# viper 5901



## ic237

Hi guys,
First time istalling an alarm so bear with me. I have a 66 mustang and I am going for an easy setup. I am a little confused about the h3 connector.

H3/1 PINK (+) IGNITION 1 INPUT/OUTPUT
H3/2 RED/WHITE (+) FUSED (30A) IGNITION 2 / FLEX RELAY INPUT 87
H3/3 ORANGE (+) ACCESSORY OUTPUT
H3/4 VIOLET (+) STARTER OUTPUT (CAR SIDE OF THE STARTER KILL)
H3/5 GREEN (+) STARTER INPUT (KEY SIDE OF THE STARTER KILL WIRE)
H3/6 RED (+) FUSED (30A) IGNITION 1 INPUT
H3/7 PINK/WHITE (+) IGNITION 2 / FLEX RELAY OUTPUT
H3/8 PINK/BLACK (+) FLEX RELAY INPUT 87A key side (if required) of FLEX
RELAY
H3/9 RED/BLACK (+) FUSED (30A) ACCESSORY/STARTER INPUT
H3/10 NC (no connection)
NC

What exactly is h3/1? 

What exactly is h3/2 mean? What is a flex relay?

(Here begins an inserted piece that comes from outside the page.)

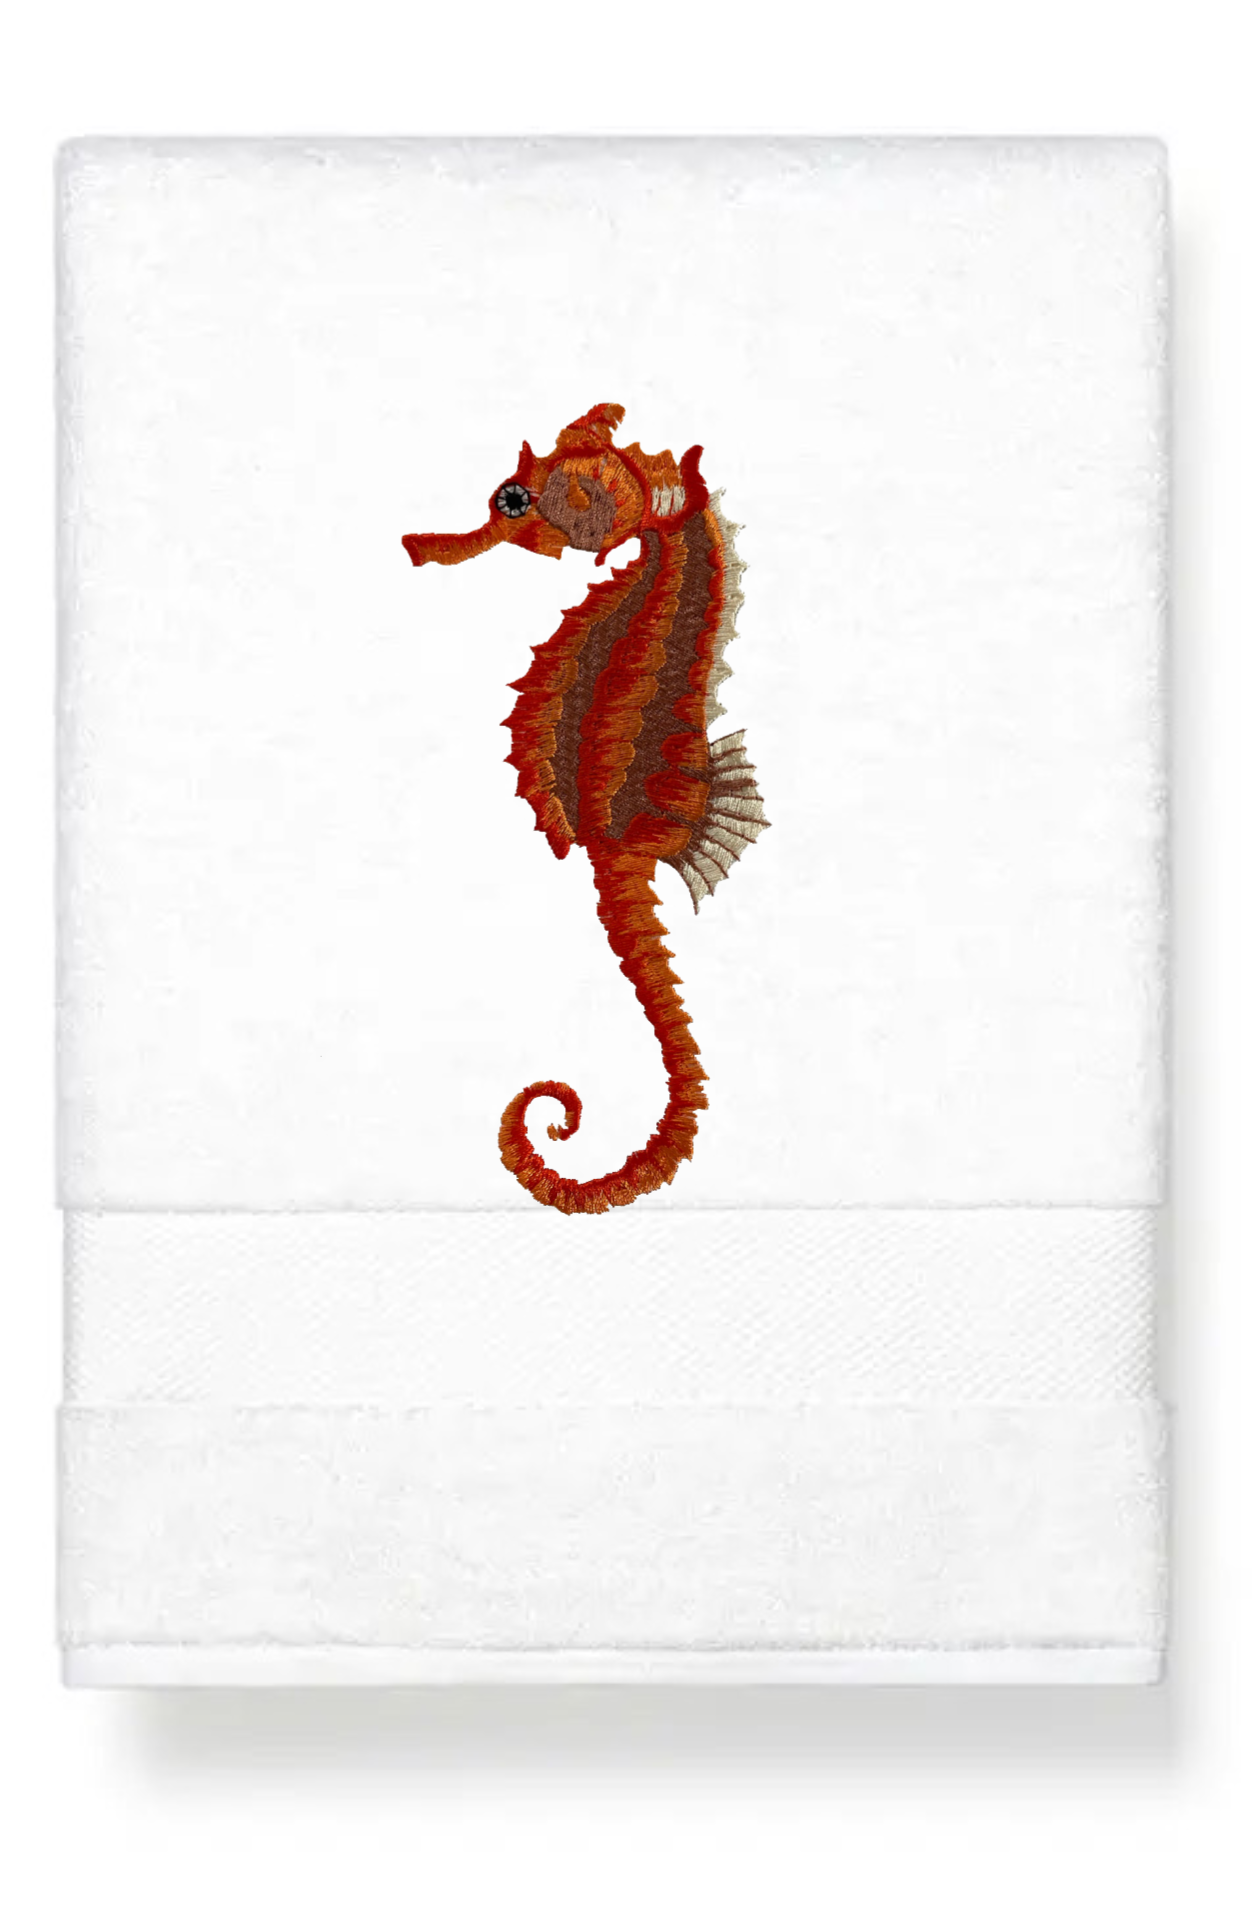 Seahorse Embroidered Bath Hand Towel. Beautifully Detailed Vibrant Orange Shades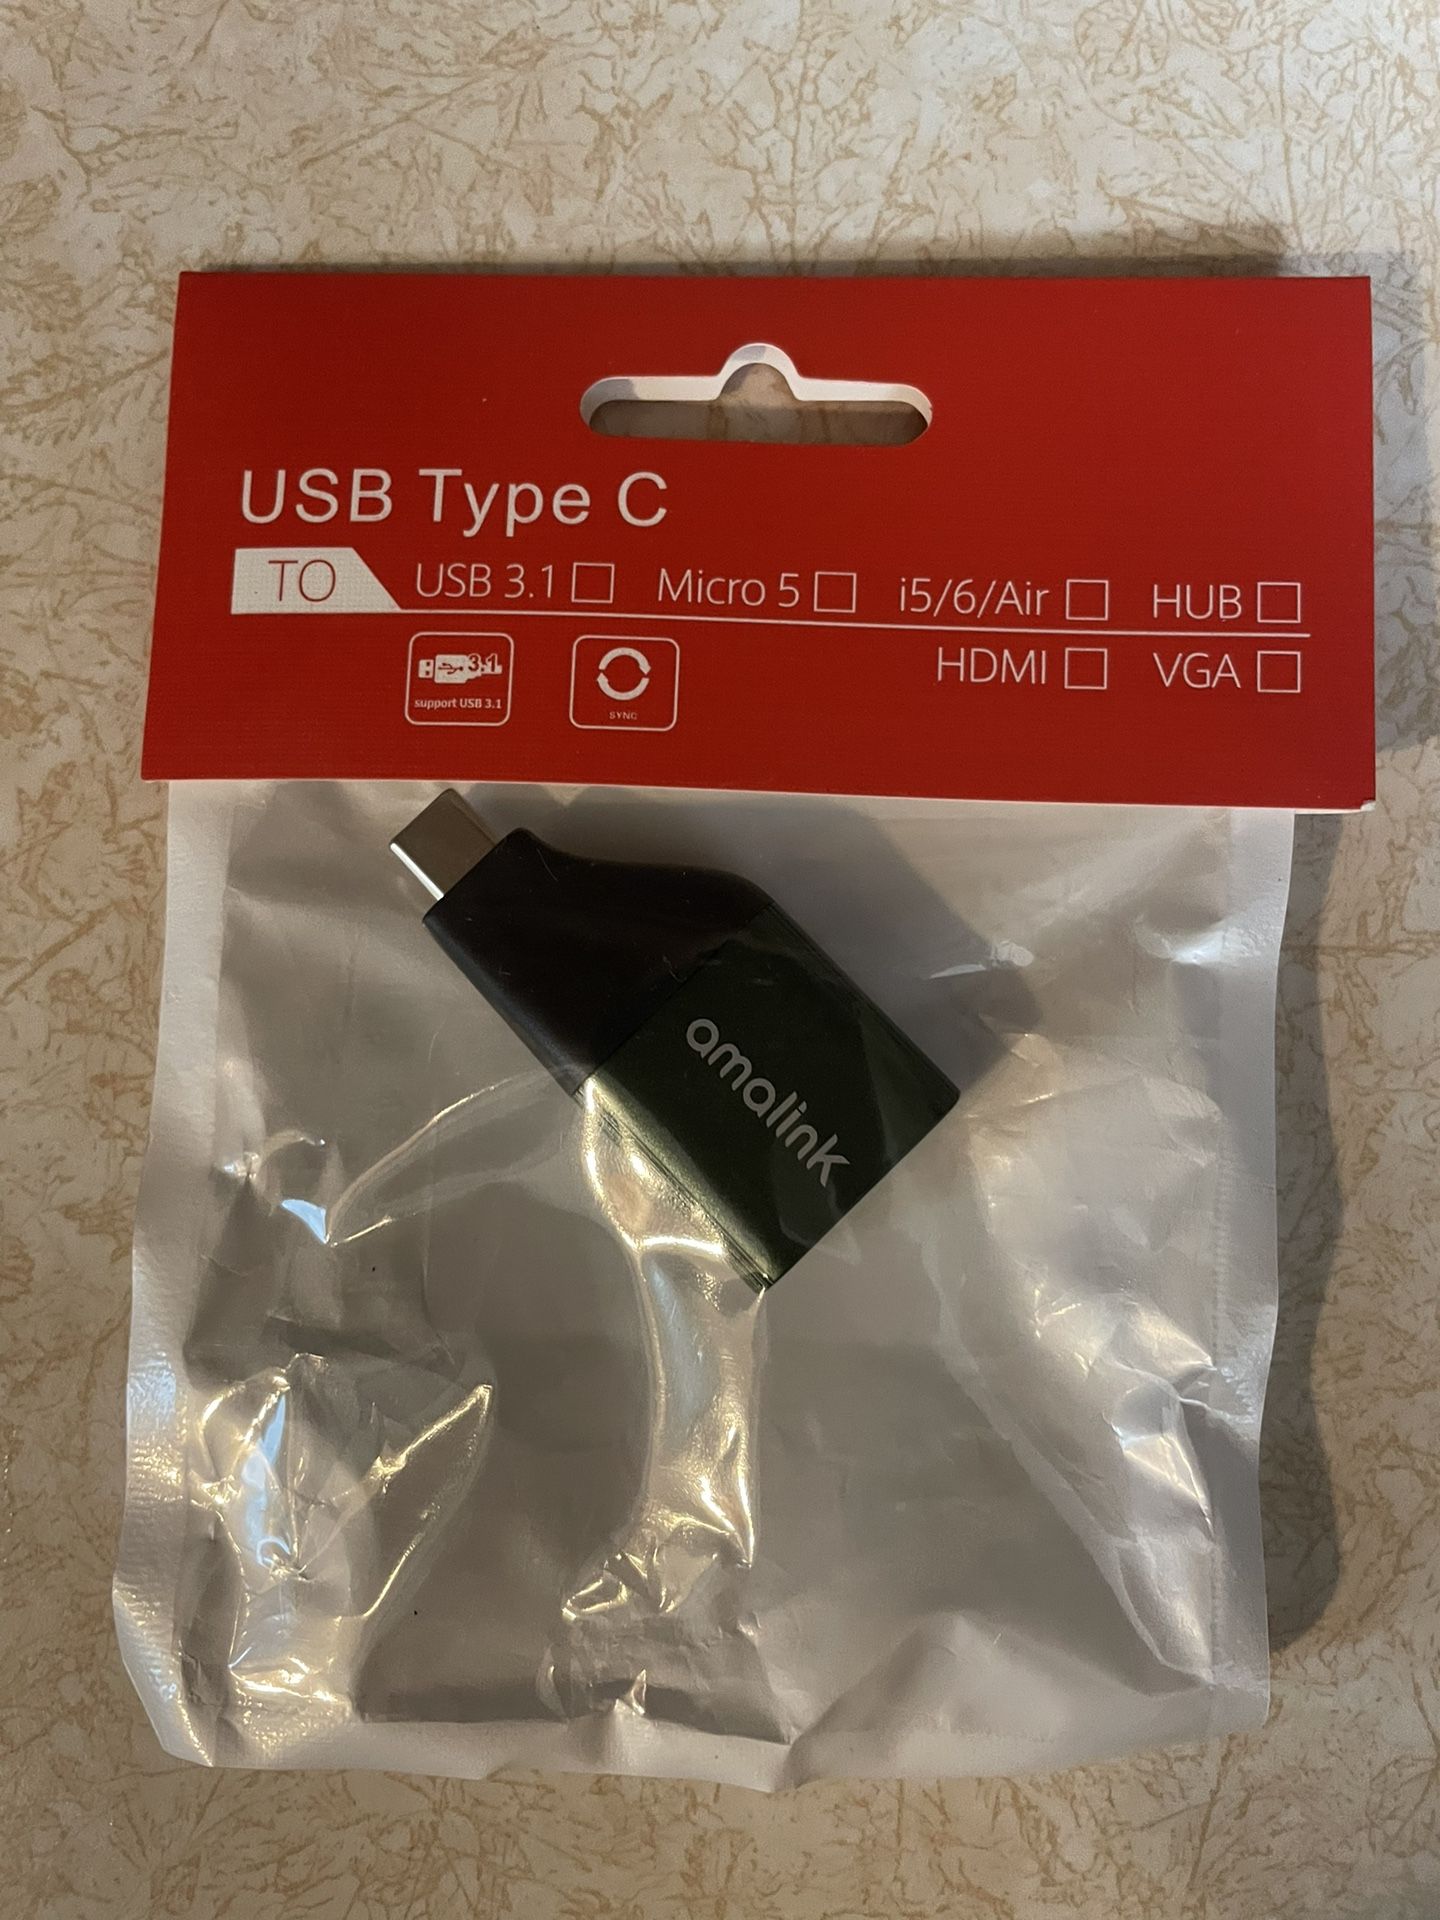 Amalink USB C To VGA Adapter 1080p @ 60hz

Does the starter kill work this way:
Battery >>>> ignition switch >>>> H3/5 >>(5901)>> H3/4 >>>> starter relay

What is H3/9?

Thanks guys.


----------



## jaggerwild

ic237 said:


> Hi guys,
> First time istalling an alarm so bear with me. I have a 66 mustang and I am going for an easy setup. I am a little confused about the h3 connector.
> 
> H3/1 PINK (+) IGNITION 1 INPUT/OUTPUT
> H3/2 RED/WHITE (+) FUSED (30A) IGNITION 2 / FLEX RELAY INPUT 87
> H3/3 ORANGE (+) ACCESSORY OUTPUT
> H3/4 VIOLET (+) STARTER OUTPUT (CAR SIDE OF THE STARTER KILL)
> H3/5 GREEN (+) STARTER INPUT (KEY SIDE OF THE STARTER KILL WIRE)
> H3/6 RED (+) FUSED (30A) IGNITION 1 INPUT
> H3/7 PINK/WHITE (+) IGNITION 2 / FLEX RELAY OUTPUT
> H3/8 PINK/BLACK (+) FLEX RELAY INPUT 87A key side (if required) of FLEX
> RELAY
> H3/9 RED/BLACK (+) FUSED (30A) ACCESSORY/STARTER INPUT
> H3/10 NC (no connection)
> NC
> 
> What exactly is h3/1?
> 
> What exactly is h3/2 mean? What is a flex relay?
> 
> Does the starter kill work this way:
> Battery >>>> ignition switch >>>> H3/5 >>(5901)>> H3/4 >>>> starter relay
> 
> What is H3/9?
> 
> Thanks guys.


3/1 goes to the wires at the ignition that show got during key on also during starter crank.
3/2 Same but only if you have two ignitions witch i dont think that year had, so no connection.
3/3 this wire will power up the A/c or heater if yer not sure of the wire color ill includ a link below for your car wire codes.
3/4 starter wire, cut the factory wire in half this goes to the wire going to the starter not ignition side.
3/5 same but key side of the wire you just cut
3/6 ignition again.
3/7 again only one ignition so not used
3/8 same place as 3/5 wire 
3/9 needs to be hooked to a wire that is HOT during crank to not just ignition.
3/10 NC
Here's yer link need more ask, you do know the remote start will not work on carburater!!! You would use a trunk pull to trigger the fuel feed on it.
http://www.the12volt.com/installbay/vehiclewiring/1/yeard/Ford.html


----------



## ic237

In a nutshell is this what you mean?

Also what is a flex relay?

Thanks Ivan


----------



## jaggerwild

ic237 said:


> In a nutshell is this what you mean?
> 
> Also what is a flex relay?
> 
> Thanks Ivan


 That locks like yer cars schematic, I've never seen it before. Flex relay is just a relay. The link i gave you has all the info on relays if you need it.


----------



## ic237

jaggerwild said:


> That locks like yer cars schematic, I've never seen it before. Flex relay is just a relay. The link i gave you has all the info on relays if you need it.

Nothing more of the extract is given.